何もない景色の中に、コイン精米のスタンドとお地蔵さんが立っていた。一瞬立ち止まって手を合わせたものの、特に願うこともなく、ただ頭を下げて通り過ぎる。視界の隅に、お地蔵さんの足元に置かれたガラスの瓶にささった白い花が風に揺れているのが見えた。

静寂。

自分の周りの空気が一気にどこかに流れ出てしまったかのような心細さに、鳥肌が立つ。お地蔵さんの後ろには、刈り入れを終えた田んぼが広がっている。

少し歩いたところで、再び誰かに見られているような気がして、思わず辺りを見回した。スマホを出して電車の時刻を見る。こんな何もないところでも電波は通じるからすごい。

こぢんまりとさびついた駅舎の朱色の屋根を午後の陽が包む。まばらに数字が刻まれた時刻表。次の電車の到着まで後十五分ほどあるが、この電車に乗れば今夜中には帰れそうだ。

無人の改札は数時間前、夏生が到着した時と何一つ変化はなかった。カードをタッチする機械も改札口の横に取り付けられていたけれど、久しぶりに切符を買ってみたくなって、夏生は券売機の前に立った。運賃表を見上げると新幹線の乗換駅までだけでも千円以上する。

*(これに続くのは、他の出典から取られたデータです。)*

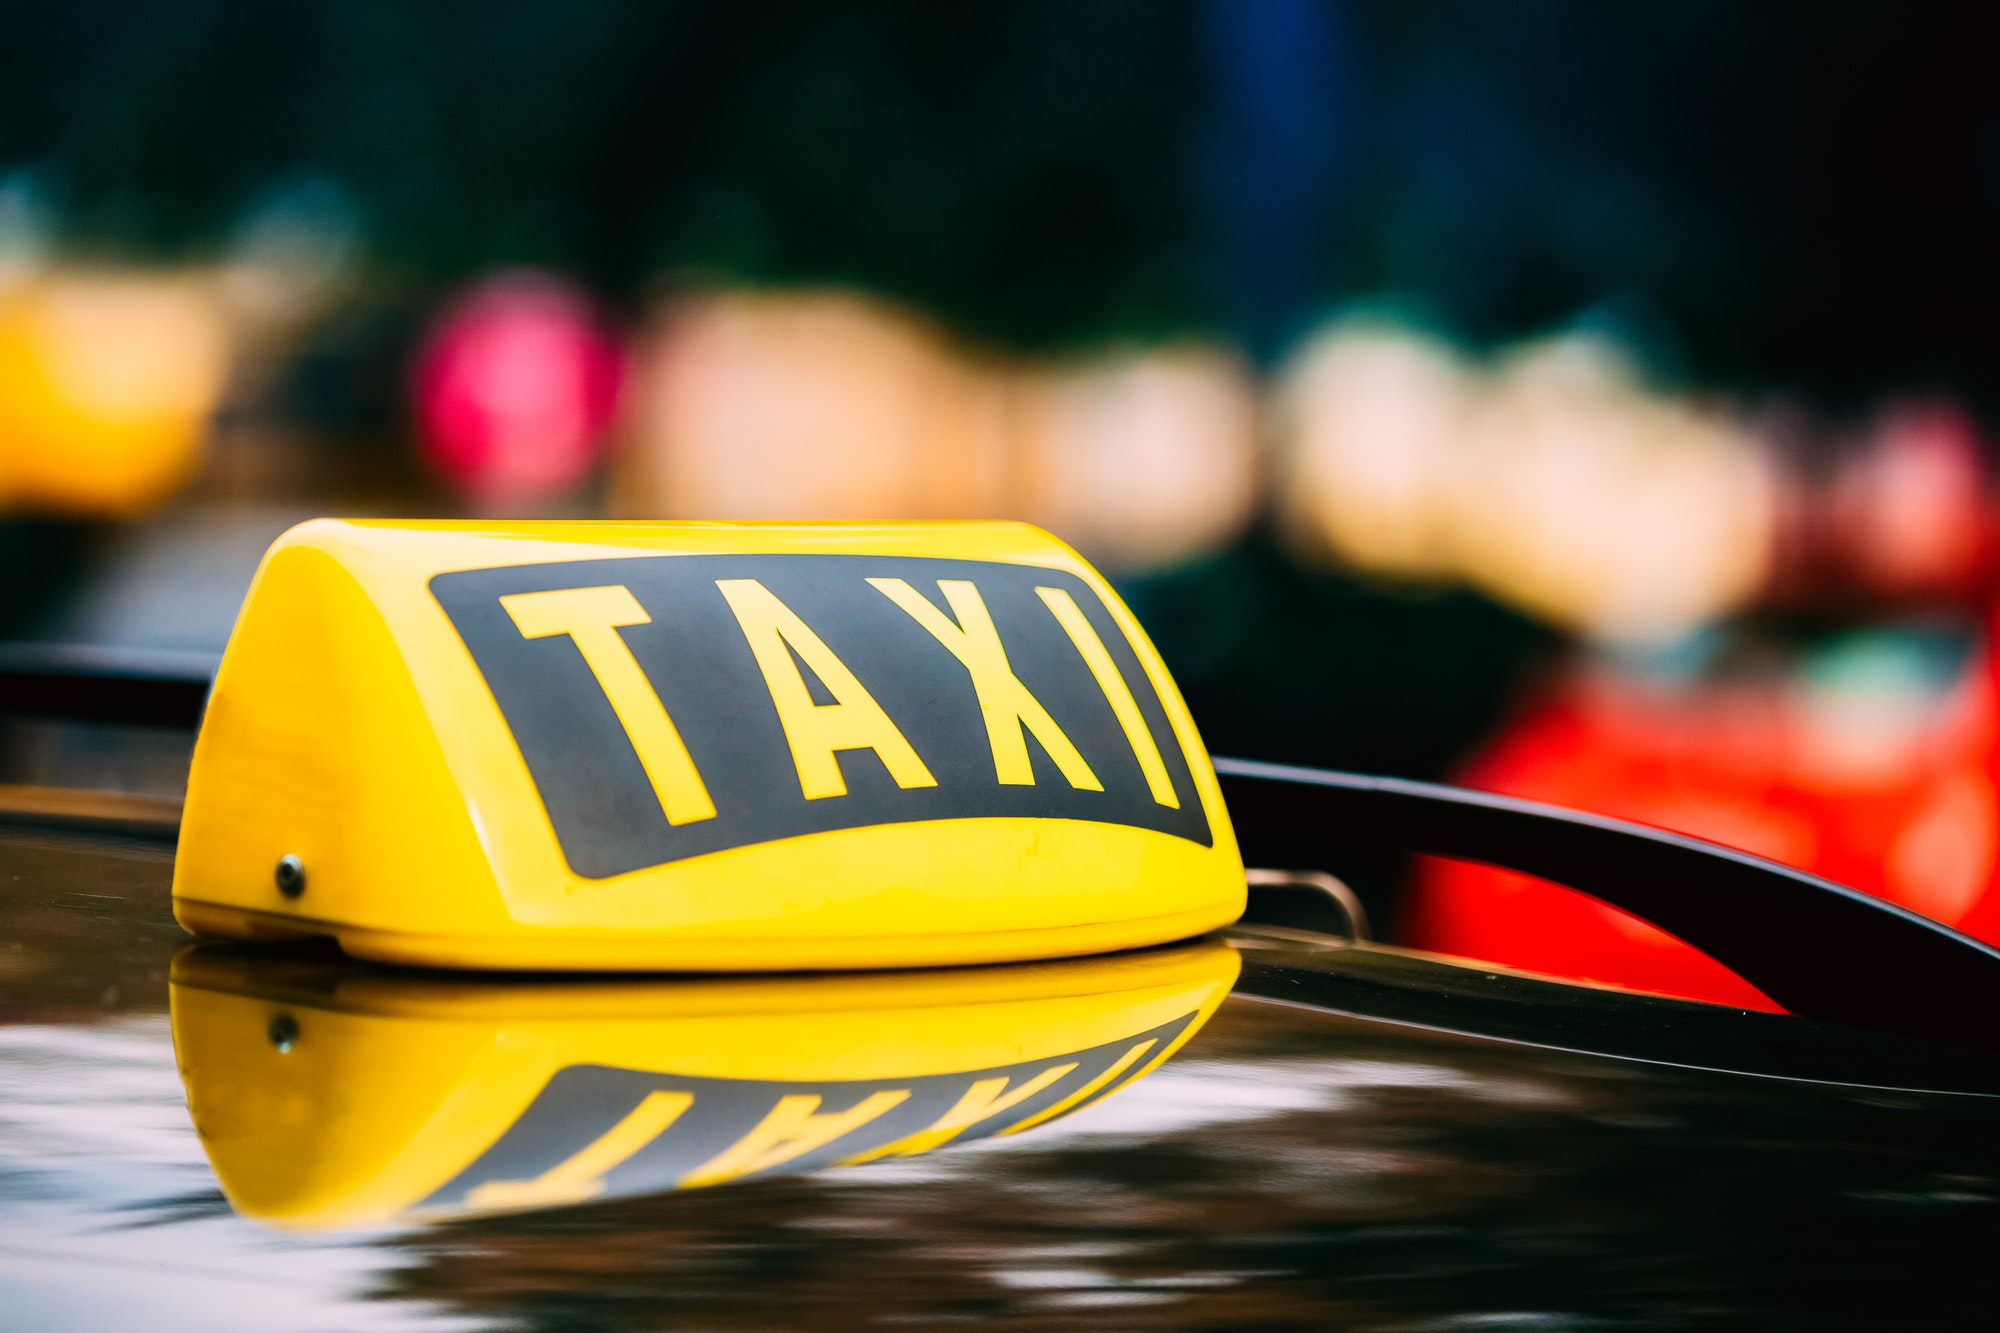 Les secrets des taxis bordelais: comment chaque trajet devient une aventure unique !
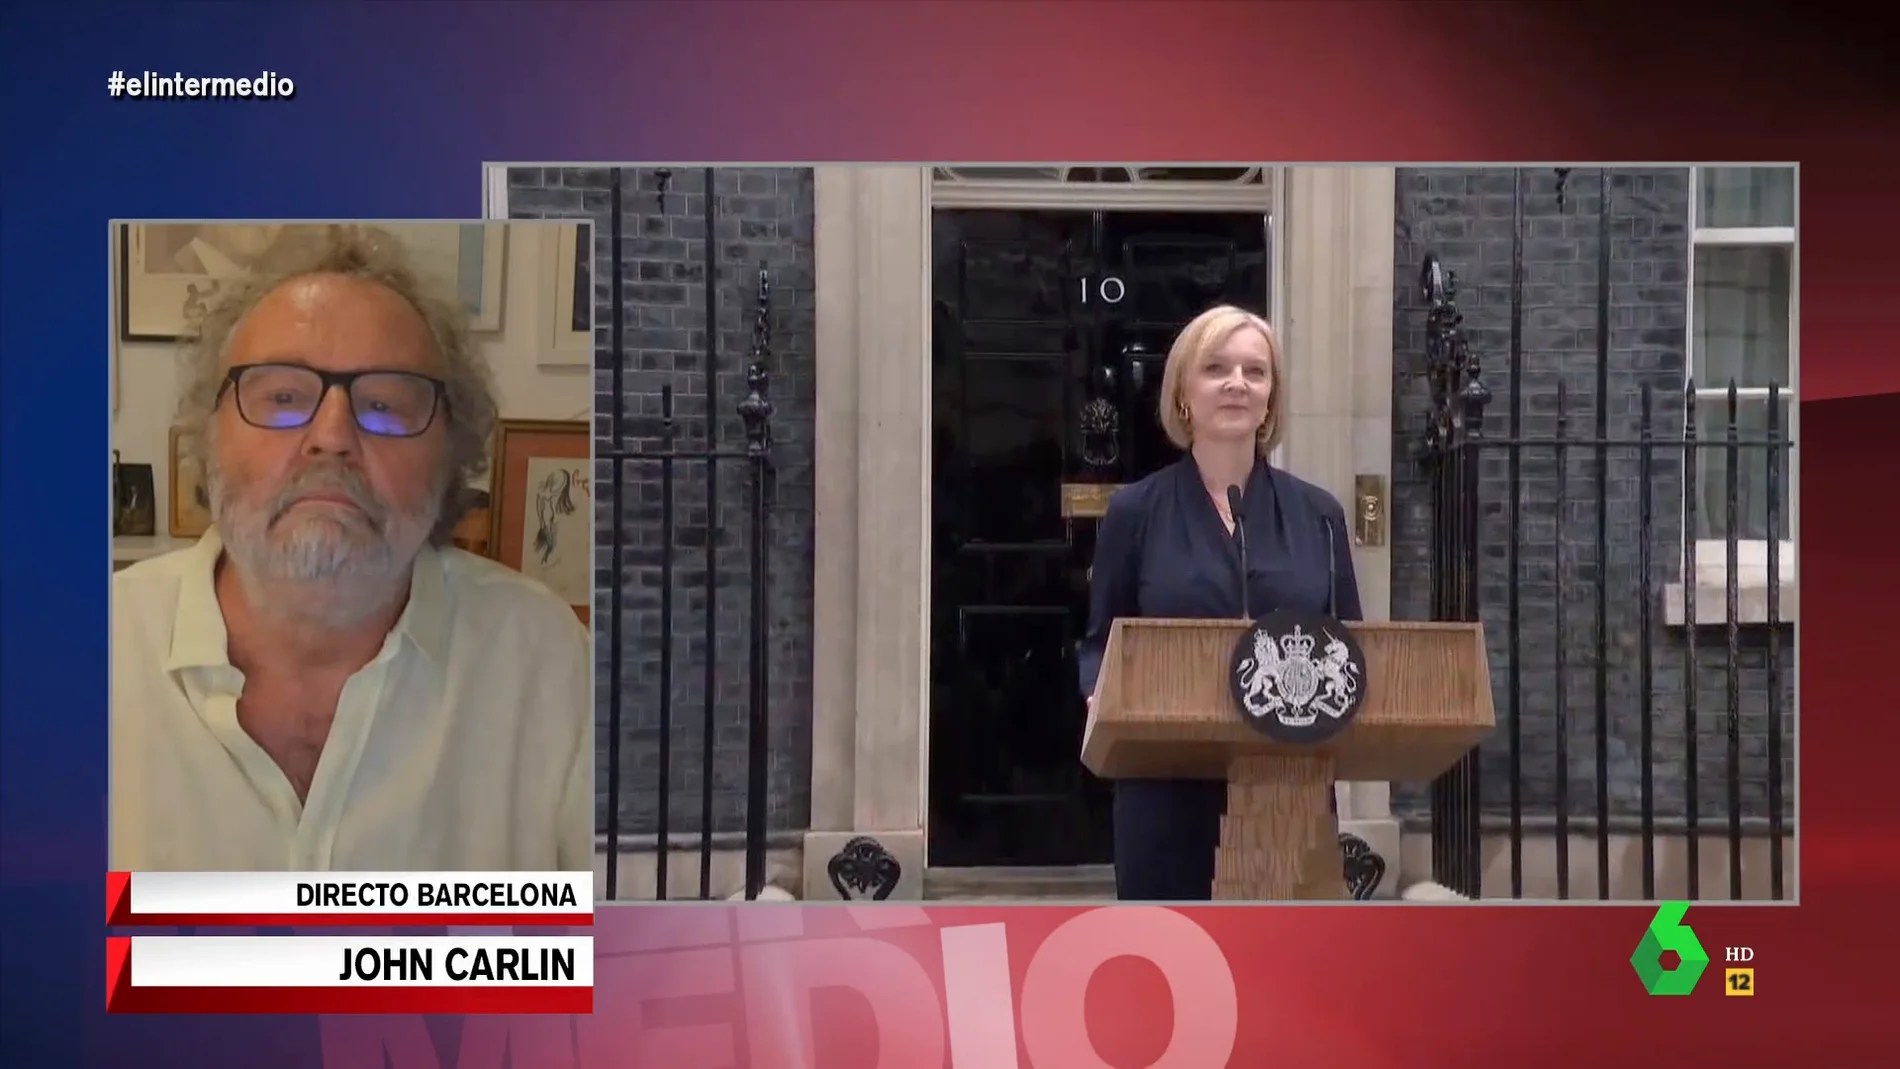 John Carlin analiza a Liz Truss, nueva ministra de Reino Unido: "Es como Johnson, todo ego y egocentrismo, pero sin su carisma"

誰かに呼ばれたような気がして振り返ると、夏生のすぐ後ろに髪の長い女の人が立っていた。切符を買おうとしているのだろうか。急いで初乗りの運賃のボタンを押してその場を離れた。切符が買いたかっただけだし、出るときに清算すればいい。タッチパネルじゃない券売機も、どこか懐かしい。

今日は楽しかった。

待合室のベンチに腰掛けてスマホを出す。美津さんに出張が終わったことを簡単にまとめて、メッセージを打っていると、さっきの女性が視界に入った。顔を上げると、目の前に立っている。

真っ白なワンピース。あらわになった肩からほっそり伸びる真っ白な腕。
……寒 くはないのだろうか?

見ていることを悟られないように、スマホの画面を見ながら、上目遣いにもう一度、視線を彼女に向ける。

カラスの濡れ羽色とでもいうのか、真っ黒な髪がまっすぐ伸びている。そして足元は……、裸足?

切れ長な目が夏生の目をとらえた。期待に満ち溢れた瞳が、嬉しそうに輝いている。